TRY IT - Work through the data below and copy out every line where "Breakfast" is found.
GIVEN INFORMATION START
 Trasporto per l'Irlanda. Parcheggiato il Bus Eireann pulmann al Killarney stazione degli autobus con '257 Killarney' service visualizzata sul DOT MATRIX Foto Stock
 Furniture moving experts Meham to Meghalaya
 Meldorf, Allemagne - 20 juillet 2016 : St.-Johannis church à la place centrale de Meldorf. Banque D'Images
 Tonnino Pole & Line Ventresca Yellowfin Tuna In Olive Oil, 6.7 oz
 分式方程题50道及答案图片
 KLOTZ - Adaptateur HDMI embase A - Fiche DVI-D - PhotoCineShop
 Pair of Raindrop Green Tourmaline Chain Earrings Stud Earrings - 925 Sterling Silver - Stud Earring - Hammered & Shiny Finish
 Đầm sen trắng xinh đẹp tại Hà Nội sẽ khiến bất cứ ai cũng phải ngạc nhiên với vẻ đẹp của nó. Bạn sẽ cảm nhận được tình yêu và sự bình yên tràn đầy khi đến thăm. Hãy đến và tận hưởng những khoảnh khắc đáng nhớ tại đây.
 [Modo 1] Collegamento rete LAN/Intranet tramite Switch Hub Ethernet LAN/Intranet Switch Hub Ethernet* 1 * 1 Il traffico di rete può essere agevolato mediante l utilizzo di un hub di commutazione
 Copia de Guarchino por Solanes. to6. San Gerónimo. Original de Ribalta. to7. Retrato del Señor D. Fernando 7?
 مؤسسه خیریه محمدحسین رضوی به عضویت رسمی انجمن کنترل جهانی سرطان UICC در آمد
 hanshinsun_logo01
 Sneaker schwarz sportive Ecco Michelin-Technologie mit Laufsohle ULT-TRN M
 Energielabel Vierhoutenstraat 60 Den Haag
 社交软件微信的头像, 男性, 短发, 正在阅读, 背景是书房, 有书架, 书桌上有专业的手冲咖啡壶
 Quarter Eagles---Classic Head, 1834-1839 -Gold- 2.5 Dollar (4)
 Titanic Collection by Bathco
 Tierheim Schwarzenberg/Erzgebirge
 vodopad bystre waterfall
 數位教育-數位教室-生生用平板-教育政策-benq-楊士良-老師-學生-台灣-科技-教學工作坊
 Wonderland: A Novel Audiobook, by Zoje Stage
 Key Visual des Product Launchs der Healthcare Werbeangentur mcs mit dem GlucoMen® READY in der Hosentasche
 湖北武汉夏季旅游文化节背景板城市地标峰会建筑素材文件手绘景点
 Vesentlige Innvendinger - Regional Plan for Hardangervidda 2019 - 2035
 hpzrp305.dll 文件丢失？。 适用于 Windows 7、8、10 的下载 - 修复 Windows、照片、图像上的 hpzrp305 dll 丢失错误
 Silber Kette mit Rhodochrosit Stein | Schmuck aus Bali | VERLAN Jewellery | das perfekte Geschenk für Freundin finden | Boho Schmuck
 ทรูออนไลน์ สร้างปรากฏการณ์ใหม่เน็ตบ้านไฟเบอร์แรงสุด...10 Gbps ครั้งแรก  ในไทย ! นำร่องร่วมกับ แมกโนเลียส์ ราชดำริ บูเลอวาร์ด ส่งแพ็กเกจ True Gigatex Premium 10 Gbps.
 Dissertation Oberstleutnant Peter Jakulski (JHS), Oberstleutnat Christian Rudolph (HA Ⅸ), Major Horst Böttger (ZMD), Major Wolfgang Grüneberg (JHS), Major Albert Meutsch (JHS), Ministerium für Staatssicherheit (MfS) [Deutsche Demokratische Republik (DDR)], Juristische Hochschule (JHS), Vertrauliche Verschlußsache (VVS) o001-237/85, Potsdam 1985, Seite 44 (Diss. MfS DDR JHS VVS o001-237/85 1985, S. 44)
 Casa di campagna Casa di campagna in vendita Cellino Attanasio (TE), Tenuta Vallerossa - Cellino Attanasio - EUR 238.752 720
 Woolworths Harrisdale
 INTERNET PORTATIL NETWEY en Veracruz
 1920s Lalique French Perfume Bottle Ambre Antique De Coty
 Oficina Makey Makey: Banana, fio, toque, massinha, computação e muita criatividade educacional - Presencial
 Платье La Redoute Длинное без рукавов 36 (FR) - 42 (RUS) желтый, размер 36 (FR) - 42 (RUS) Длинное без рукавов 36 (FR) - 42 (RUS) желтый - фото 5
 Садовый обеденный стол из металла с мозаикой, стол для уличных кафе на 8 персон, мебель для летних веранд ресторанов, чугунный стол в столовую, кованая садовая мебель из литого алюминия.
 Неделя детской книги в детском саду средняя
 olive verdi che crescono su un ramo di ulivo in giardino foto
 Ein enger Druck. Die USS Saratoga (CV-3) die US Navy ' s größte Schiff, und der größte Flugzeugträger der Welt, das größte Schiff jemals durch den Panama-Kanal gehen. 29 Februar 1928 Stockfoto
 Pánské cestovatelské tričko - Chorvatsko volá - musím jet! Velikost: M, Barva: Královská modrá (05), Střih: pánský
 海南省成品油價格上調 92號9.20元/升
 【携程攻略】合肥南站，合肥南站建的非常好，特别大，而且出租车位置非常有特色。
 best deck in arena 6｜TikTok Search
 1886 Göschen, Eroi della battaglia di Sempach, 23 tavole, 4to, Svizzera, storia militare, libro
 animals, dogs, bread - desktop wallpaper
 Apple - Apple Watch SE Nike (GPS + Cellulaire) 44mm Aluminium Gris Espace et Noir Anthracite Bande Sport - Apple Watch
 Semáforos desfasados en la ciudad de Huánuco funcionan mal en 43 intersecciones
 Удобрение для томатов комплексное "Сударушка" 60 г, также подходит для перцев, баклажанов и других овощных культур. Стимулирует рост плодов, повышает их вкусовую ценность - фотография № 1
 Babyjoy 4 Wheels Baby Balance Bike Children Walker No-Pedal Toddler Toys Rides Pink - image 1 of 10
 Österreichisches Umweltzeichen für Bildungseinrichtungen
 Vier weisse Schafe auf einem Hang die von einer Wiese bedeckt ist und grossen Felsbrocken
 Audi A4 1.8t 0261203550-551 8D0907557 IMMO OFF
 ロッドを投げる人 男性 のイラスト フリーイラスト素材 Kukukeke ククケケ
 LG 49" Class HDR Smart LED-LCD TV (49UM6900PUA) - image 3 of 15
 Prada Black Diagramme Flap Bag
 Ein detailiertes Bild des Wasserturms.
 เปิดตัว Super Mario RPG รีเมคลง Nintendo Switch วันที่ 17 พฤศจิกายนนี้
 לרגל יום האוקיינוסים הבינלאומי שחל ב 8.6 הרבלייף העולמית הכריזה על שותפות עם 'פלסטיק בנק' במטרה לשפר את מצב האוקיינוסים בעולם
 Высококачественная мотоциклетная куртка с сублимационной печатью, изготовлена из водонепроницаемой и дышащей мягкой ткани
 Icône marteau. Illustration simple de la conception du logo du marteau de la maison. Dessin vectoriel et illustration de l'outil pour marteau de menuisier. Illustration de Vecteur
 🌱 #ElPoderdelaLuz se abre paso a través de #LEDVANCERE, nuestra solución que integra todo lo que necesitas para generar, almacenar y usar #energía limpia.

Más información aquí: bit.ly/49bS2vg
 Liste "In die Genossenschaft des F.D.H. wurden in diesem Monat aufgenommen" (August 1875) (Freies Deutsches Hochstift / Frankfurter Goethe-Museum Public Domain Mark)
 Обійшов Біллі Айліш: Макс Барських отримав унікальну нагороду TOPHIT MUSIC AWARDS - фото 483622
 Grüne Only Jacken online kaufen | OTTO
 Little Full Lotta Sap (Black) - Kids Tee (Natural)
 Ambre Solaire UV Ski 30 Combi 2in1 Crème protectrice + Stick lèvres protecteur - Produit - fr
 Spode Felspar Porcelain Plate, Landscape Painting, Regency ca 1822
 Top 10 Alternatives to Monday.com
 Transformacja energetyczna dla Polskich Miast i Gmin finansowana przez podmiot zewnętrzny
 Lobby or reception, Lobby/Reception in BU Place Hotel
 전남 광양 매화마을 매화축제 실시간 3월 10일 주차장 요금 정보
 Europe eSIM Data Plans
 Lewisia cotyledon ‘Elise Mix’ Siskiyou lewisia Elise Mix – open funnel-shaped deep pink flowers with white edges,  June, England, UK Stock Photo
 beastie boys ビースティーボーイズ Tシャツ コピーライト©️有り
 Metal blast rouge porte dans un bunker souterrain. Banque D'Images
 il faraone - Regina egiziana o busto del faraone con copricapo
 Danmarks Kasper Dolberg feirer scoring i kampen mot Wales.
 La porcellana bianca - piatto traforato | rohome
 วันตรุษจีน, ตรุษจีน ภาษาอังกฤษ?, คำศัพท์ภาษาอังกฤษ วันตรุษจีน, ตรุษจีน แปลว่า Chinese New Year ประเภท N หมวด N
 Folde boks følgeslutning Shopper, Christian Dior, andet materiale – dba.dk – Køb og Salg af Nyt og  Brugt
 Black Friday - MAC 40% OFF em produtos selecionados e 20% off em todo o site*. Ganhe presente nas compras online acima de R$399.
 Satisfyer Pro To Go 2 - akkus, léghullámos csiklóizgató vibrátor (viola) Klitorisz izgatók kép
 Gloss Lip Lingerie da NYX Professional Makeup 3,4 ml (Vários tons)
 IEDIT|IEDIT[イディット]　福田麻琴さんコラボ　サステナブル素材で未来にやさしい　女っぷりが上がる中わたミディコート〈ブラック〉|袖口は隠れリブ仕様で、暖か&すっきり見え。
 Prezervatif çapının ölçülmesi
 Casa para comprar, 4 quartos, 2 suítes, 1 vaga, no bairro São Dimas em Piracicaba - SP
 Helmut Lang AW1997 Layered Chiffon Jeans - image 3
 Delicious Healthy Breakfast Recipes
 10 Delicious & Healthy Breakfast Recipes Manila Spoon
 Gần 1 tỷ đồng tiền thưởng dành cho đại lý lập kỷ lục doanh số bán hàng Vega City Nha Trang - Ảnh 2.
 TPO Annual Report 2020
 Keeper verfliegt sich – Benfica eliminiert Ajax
GIVEN INFORMATION END
EXERCISE ANSWER -
 Delicious Healthy Breakfast Recipes
 10 Delicious & Healthy Breakfast Recipes Manila Spoon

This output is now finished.